At Banzai Cloud we are building a cloud agnostic, open source next generation CloudFoundry/Heroku-like PaaS, Pipeline, while running several big data workloads natively on Kubernetes. Apache Kafka is one of the cloud native
workloads we support out-of-the-box, alongside Apache Spark and Apache Zeppelin.
If you’re interested in running big data workloads on Kubernetes, please read the following blog series as well.
Apache Kafka on Kubernetes series:
Kafka on Kubernetes - using etcd Monitoring Apache Kafka with Prometheus Kafka on Kubernetes with Local Persistent Volumes Kafka on Kubernetes the easy way
Apache Spark on Kubernetes series:
Introduction to Spark on Kubernetes
Scaling Spark made simple on Kubernetes
The anatomy of Spark applications on Kubernetes
Monitoring Apache Spark with Prometheus
Spark History Server on Kubernetes
Spark scheduling on Kubernetes demystified
Spark Streaming Checkpointing on Kubernetes
Deep dive into monitoring Spark and Zeppelin with Prometheus
Apache Spark application resilience on Kubernetes
Collecting Spark History Server event logs in the cloud
Apache Zeppelin on Kubernetes series:
Running Zeppelin Spark notebooks on Kubernetes
Running Zeppelin Spark notebooks on Kubernetes - deep dive
Introduction π︎
Update - we have opened the following KAFKA-6598 ticket to help get the community involved.
Apache Kafka, which was originally developed at LinkedIn, started as a distributed commit log. Since then, it has evolved into a distributed streaming platform.
It was open sourced back in 2011 and became popular extremely fast. It’s a simple and easy to use tool that keeps evolving, and has a vibrant community. One of the biggest headaches we hear Kafka users complaining about is the Zookeeper dependency, and the need to maintain a Zookeeper cluster. So what is Zookeeper?
According to its homepage, Zookeeper is “a centralized service for maintaining configuration information, naming, providing distributed synchronization, and providing group services.” It’s useful when creating distributed applications, and that’s why Kafka relies on it. Zookeeper is based on the Zookeeper Atomic Broadcast protocol (ZAB), a consensus protocol which shares some key aspects with Paxos. For more details, take a look at this page.
So what’s all the fuss? Well, we’re not saying that ZK is bad
, but…
- Unlike Kafka, it does not have a large and vibrant community (merge those PR’s please, anyone?)
- It uses a protocol which is hard to understand, and is hard to maintain in a large Zookeeper cluster
- It’s a bit outdated, compared with, say, Raft
- It’s written in Java (yes, this is a
subjective
problem, but this is a problem for us, because ZK is an infrastructure component) - We run everything in Kubernetes, and k8s has built-in Raft implementation by default, etcd
- Linearizability (if you’ll forgive us minting a word) - check this comparison chart
- Performance and inherent scalability issues
- Client-side complexity and
thick clients
- Lack of service discovery
The list above might grow, but I think we’ve made our point. So we have an easy to use and maintain Kafka cluster and a Zookeeper cluster dependency, which is difficult to understand and hard to maintain. You may ask why the community hasn’t already gotten rid of this Zookeeper dependency, or at least made Kafka pluggable, so the end user can choose for themselves.
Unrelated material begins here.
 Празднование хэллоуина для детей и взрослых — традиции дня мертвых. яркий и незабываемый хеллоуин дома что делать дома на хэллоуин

Kafka was designed and built around Zookeeper so it’s really hard to just throw it away, but recently the community has put together a huge refactor around the Kafka code base that handles Zookeeper interactions, so factoring out Zookeeper has become easier. Thanks a lot!.
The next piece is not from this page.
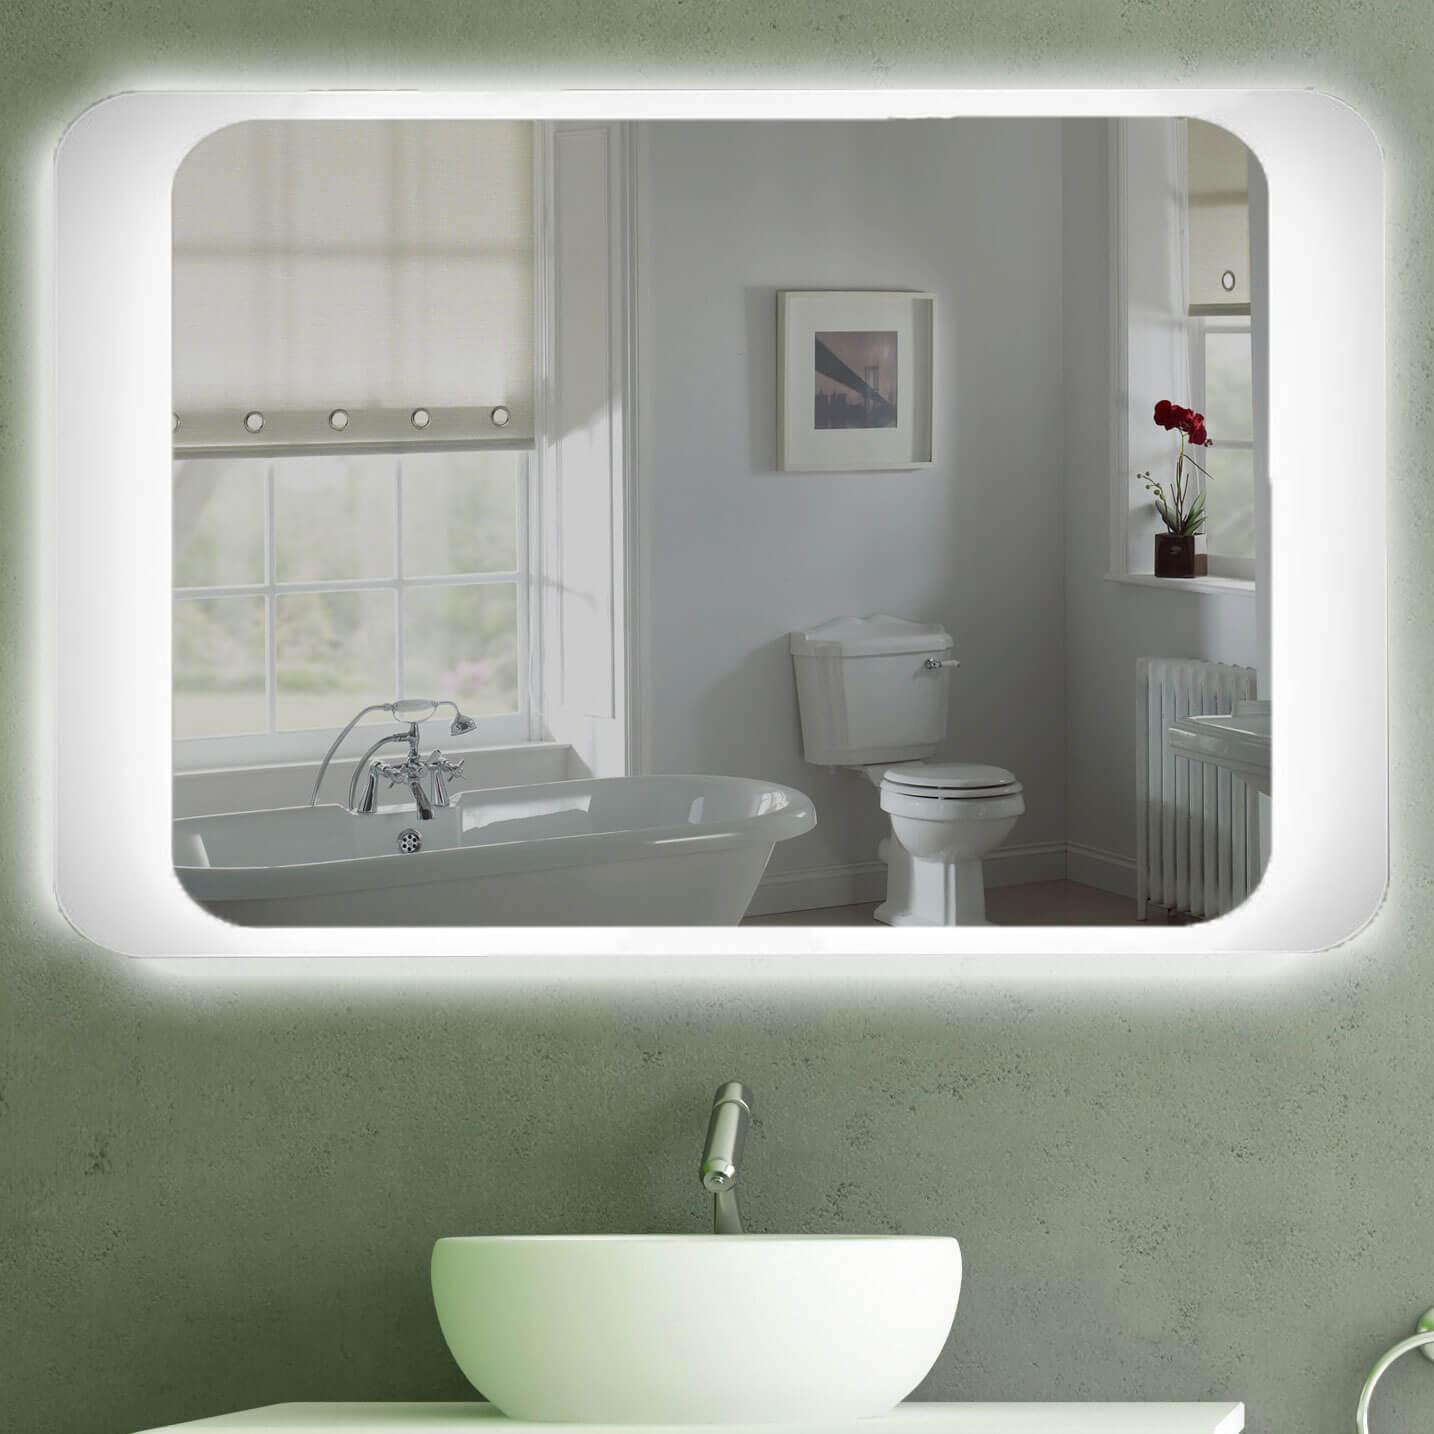 Top Badspiegel mit Beleuchtung | Spiegel |TÜV geprüft| kostenloser Versand GE38

We’re happy to announce that we at Banzai Cloud have removed the Zookeeper dependency, and use etcd instead. Today, we’re open sourcing the code so we can all try, adjust, make or propose fixes, listen to the Apache Kafka community and eventually submit it as a PR upstream. The code is available on the Banzai Cloud GitHub repository.
Kafka on etcd π︎
etcd is a “distributed reliable key-value store for the most critical data of a distributed system”. It uses the Raft consensus algorithm which was designed to be easy to understand, to scale, and to operate. The protocol and the etcd
implementation were very quickly adopted by large distributed systems like Kubernetes, large distributed databases or messaging frameworks, where consensus and strong consistency is a must. It has a vibrant community and is easy to use: on GitHub, alone, over 500+ projects use it. It’s written in Golang so is not directly embeddable in Kafka, however, CoreOS released a project called jetcd, which allows us to interact with etcd from Scala\Java
.
During the refactoring
of Apache Kafka on etcd we faced several challenges. Despite etcd claims
that it can replace Zookeeper completely, there are several approaches that differ significantly in Zookeeper. Please find below the biggest incongruities we faced during the integration.
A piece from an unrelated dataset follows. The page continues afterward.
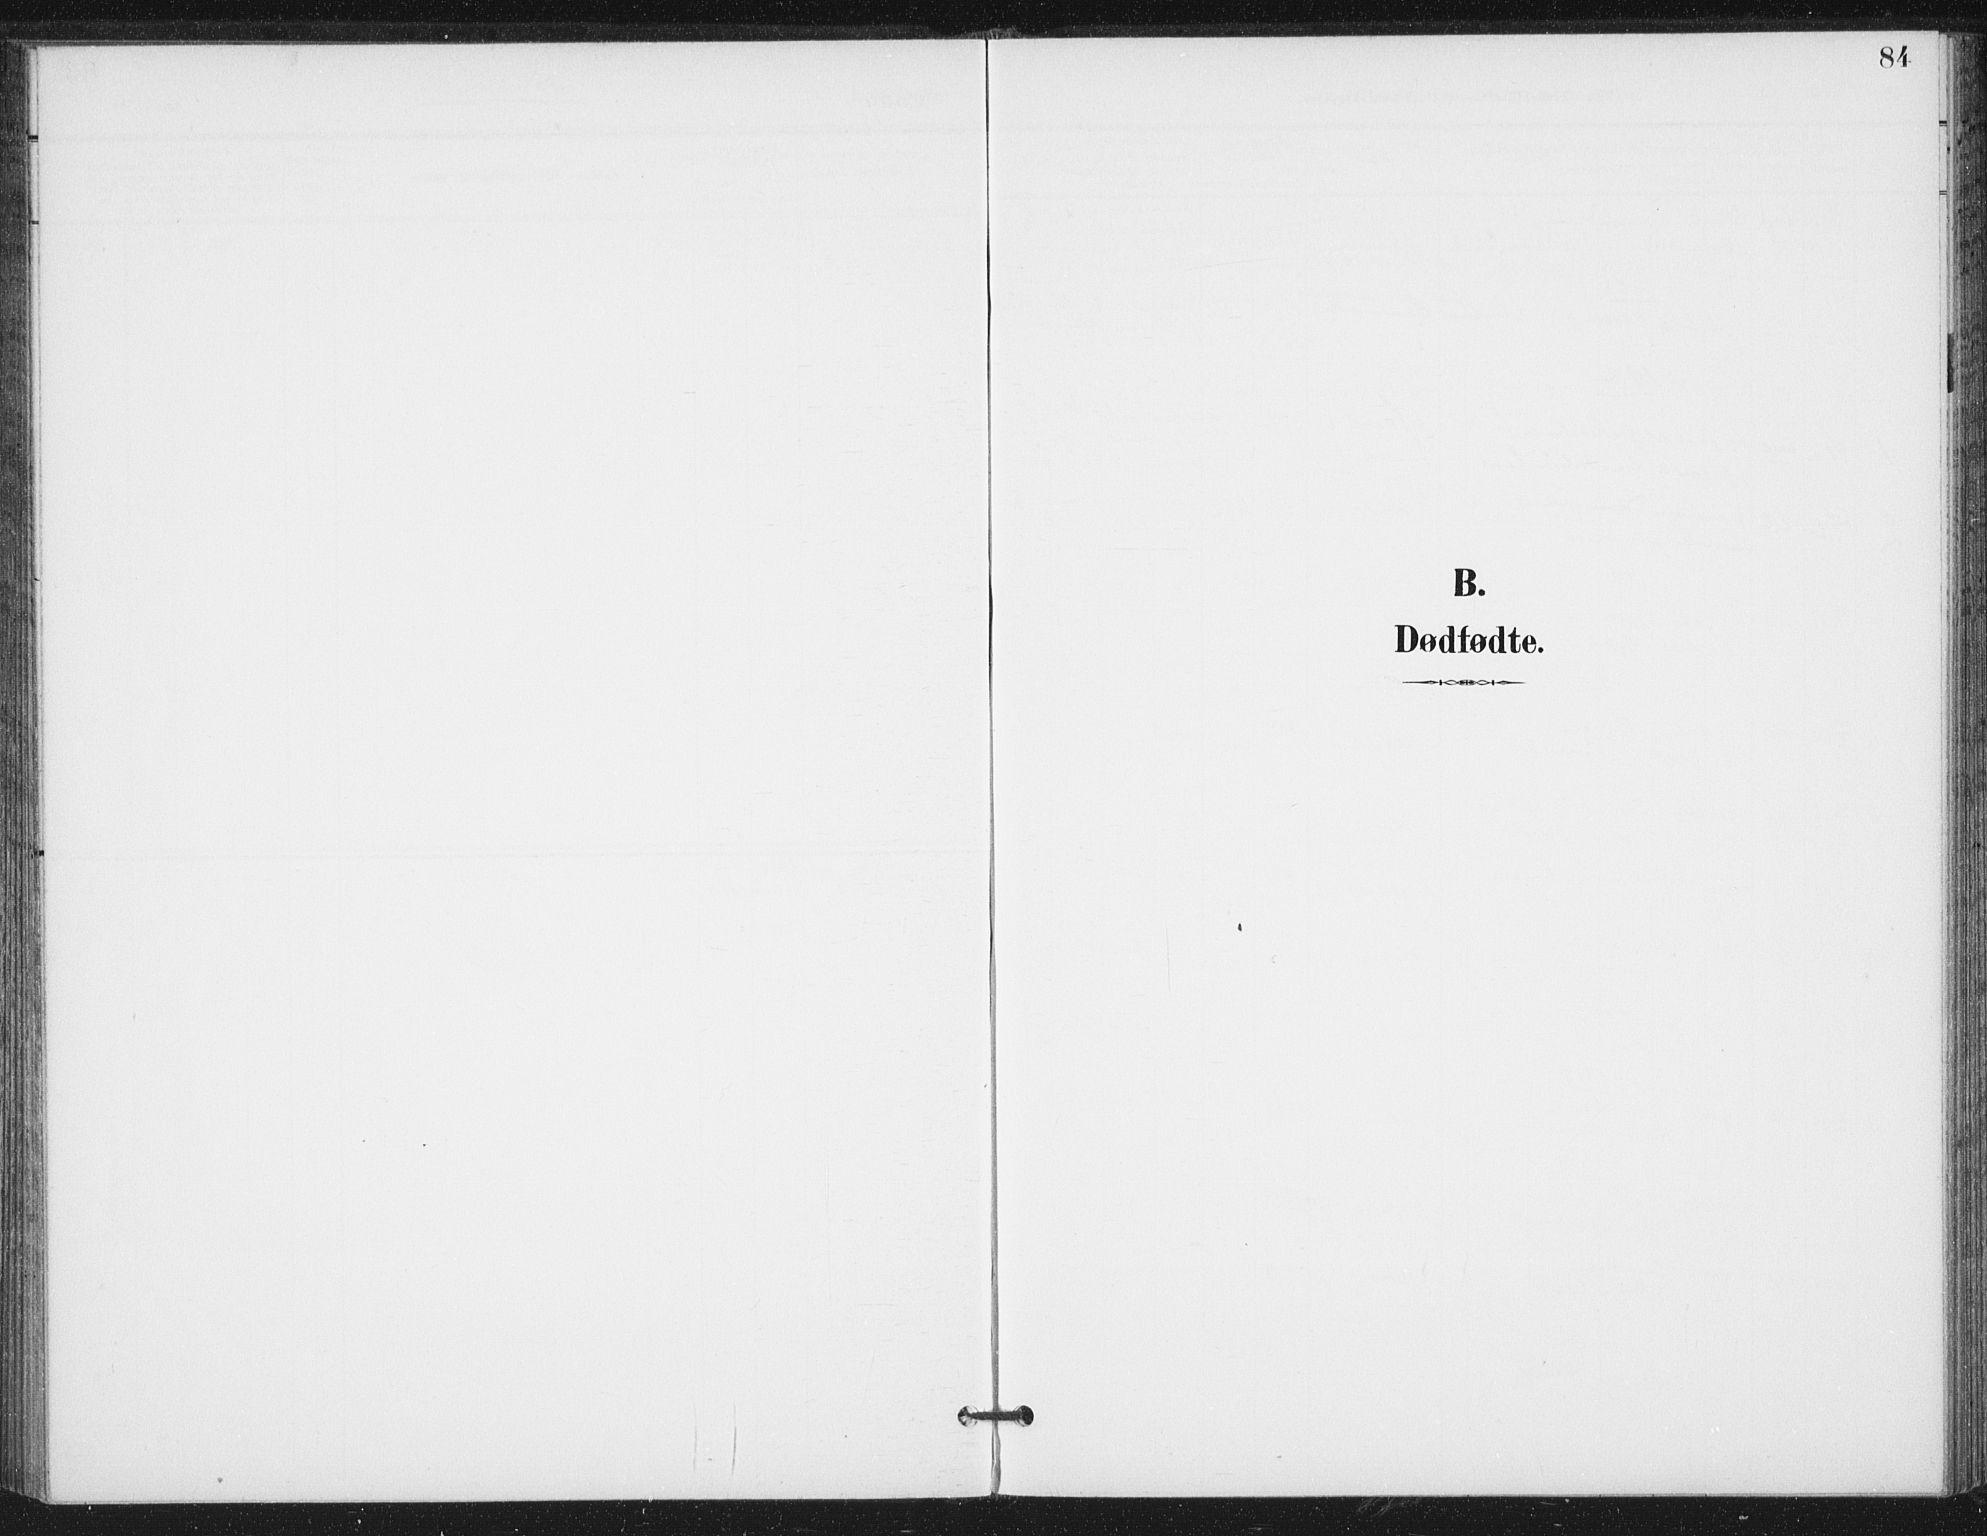 SAT, Ministerialprotokoller, klokkerbøker og fødselsregistre - Nord-Trøndelag, 714/L0131: Ministerialbok nr. 714A02, 1896-1918, s. 84

etcd and Zookeeper differences π︎
- Zookeeper uses a so-called
Znode
, which can store information but can also havechildren
nodes. Moreover, users can registerwatchers
to aparent
node, and Zookeeper will, for example, report on children nodes whenever they’re created. Even though every registry in etcd is just akey with value
, users cannot register new keys as children keys, so, by default, it’s not possible to register a watcher on aparent key
that will inform us when new children keys are created. Kafka relies heavily on Zookeeper, so we had to figure out ways of imitating its behavior with etcd. Forchild
nodes, we simply concatenate their paths, so if Kafka wants to inject, for example, “id” under the “broker” node, we create a key in etcd as “/broker/id”. In order to solve the other problem mentioned above, we first check if the created node has aparent
registry. If it has one and there is a registeredwatcher
in it, then we register a new watcher to the newly created key/value. - Zookeeper can have nodes that contain no information, but etcd cannot create a key without value, so, until we figure out how to handle this in a nicer way, we’re putting in “[null]” strings.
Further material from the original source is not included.